Skip to content
New issue

Have a question about this project? Sign up for a free GitHub account to open an issue and contact its maintainers and the community.

By clicking “Sign up for GitHub”, you agree to our terms of service and privacy statement. We’ll occasionally send you account related emails.

Already on GitHub? Sign in to your account

💡How to access ETCD from mgmt cluster? #75

Open
mogliang opened this issue Nov 22, 2023 · 10 comments
Open

💡How to access ETCD from mgmt cluster? #75

mogliang opened this issue Nov 22, 2023 · 10 comments

Comments

@mogliang
Copy link
Collaborator

mogliang commented Nov 22, 2023

k3s etcd is not a static pod but inside k3s host process. Which means we cannot use kubernetes port-forward to access k3s endpoint. I want to start this thread to discuss how we can access k3s etcd endpoint from capi mgmt cluster.

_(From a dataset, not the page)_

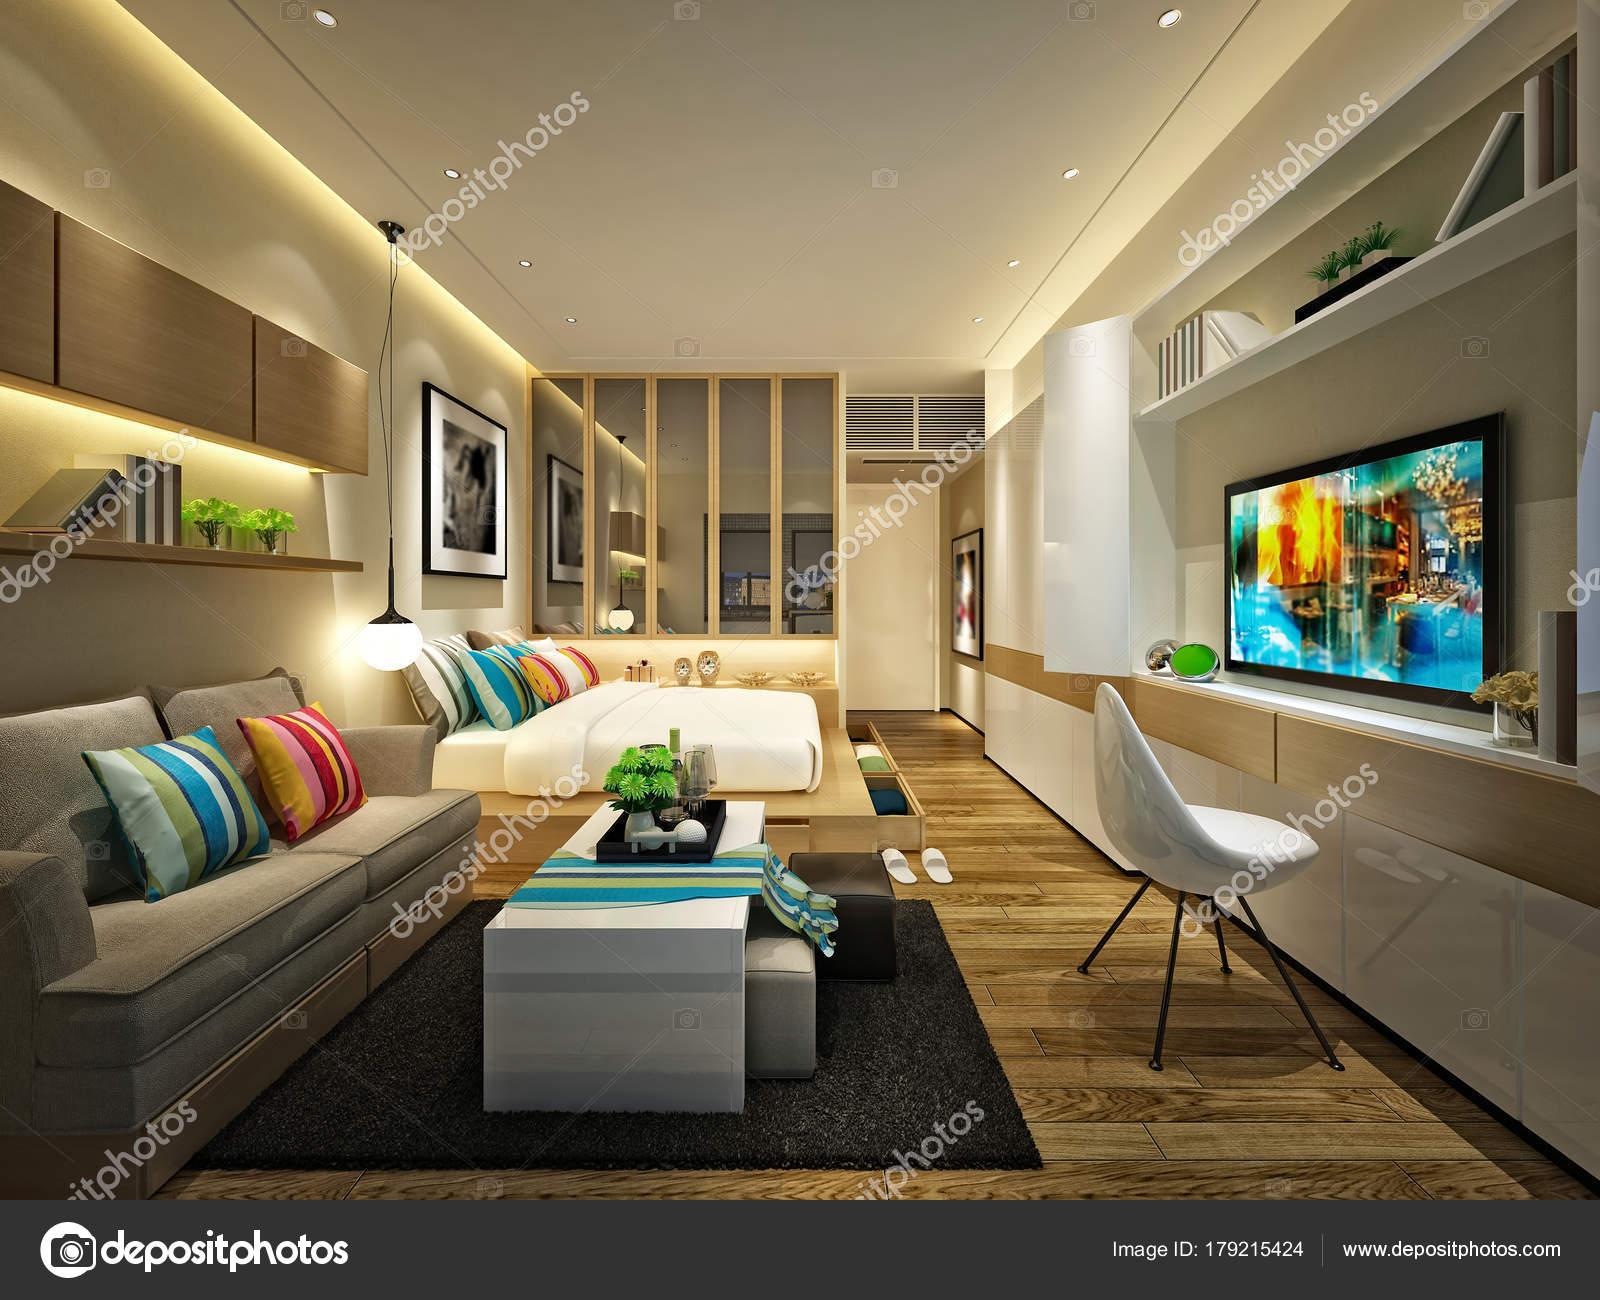 Rendern Von Luxus Schlafzimmer — Stockfoto © mtellioglu #179215424

Below are some ideas in my mind:

  1. Access etcd endpoint directly by vm address.

This is the most straightforward way. capi machine has MachineAddresses field which expose vm address info, mgmt cluster can start a connection to machine address on 2379 port to access etcd client endpoints.

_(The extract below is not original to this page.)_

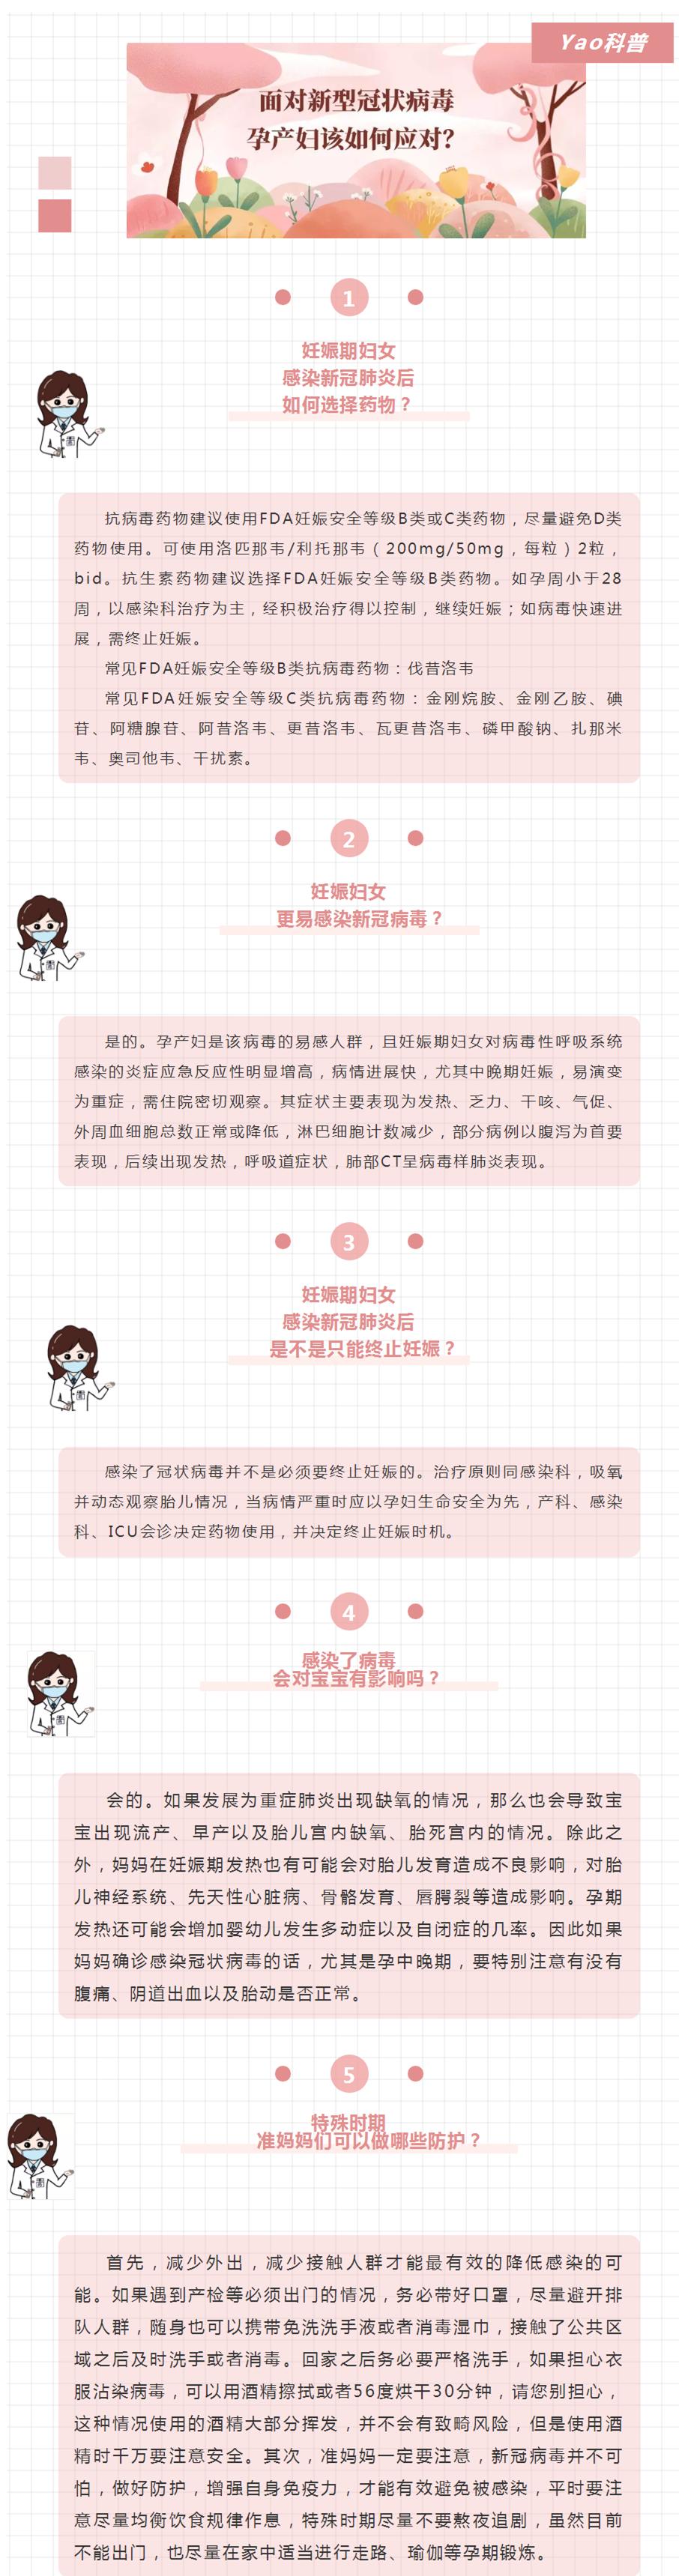 Yao科普丨面对新型冠状病毒,孕产妇该如何应对?.png

The big drawback could be: it has more network requirement, it requires network be routable between mgmt cluster and target cluster vm. Besides, it could expose more attack surface, that means users may take more effort to ensure the system security.

  1. Daemonset in target cluster cp nodes to forward etcd traffic.

We deploy daemonset to target cluster's cp nodes, it does one simple job, just forward 2379 traffic to its host's 2379 port. So, mgmt cluster can still use kubernetes port-forward to access daemonset pod, and forward again to host etcd endpoint. Theoretically, this shall work, but I haven't tested yet.

The drawback is also very obvious, it need deploy pods on target cluster, which is not very user-friendly.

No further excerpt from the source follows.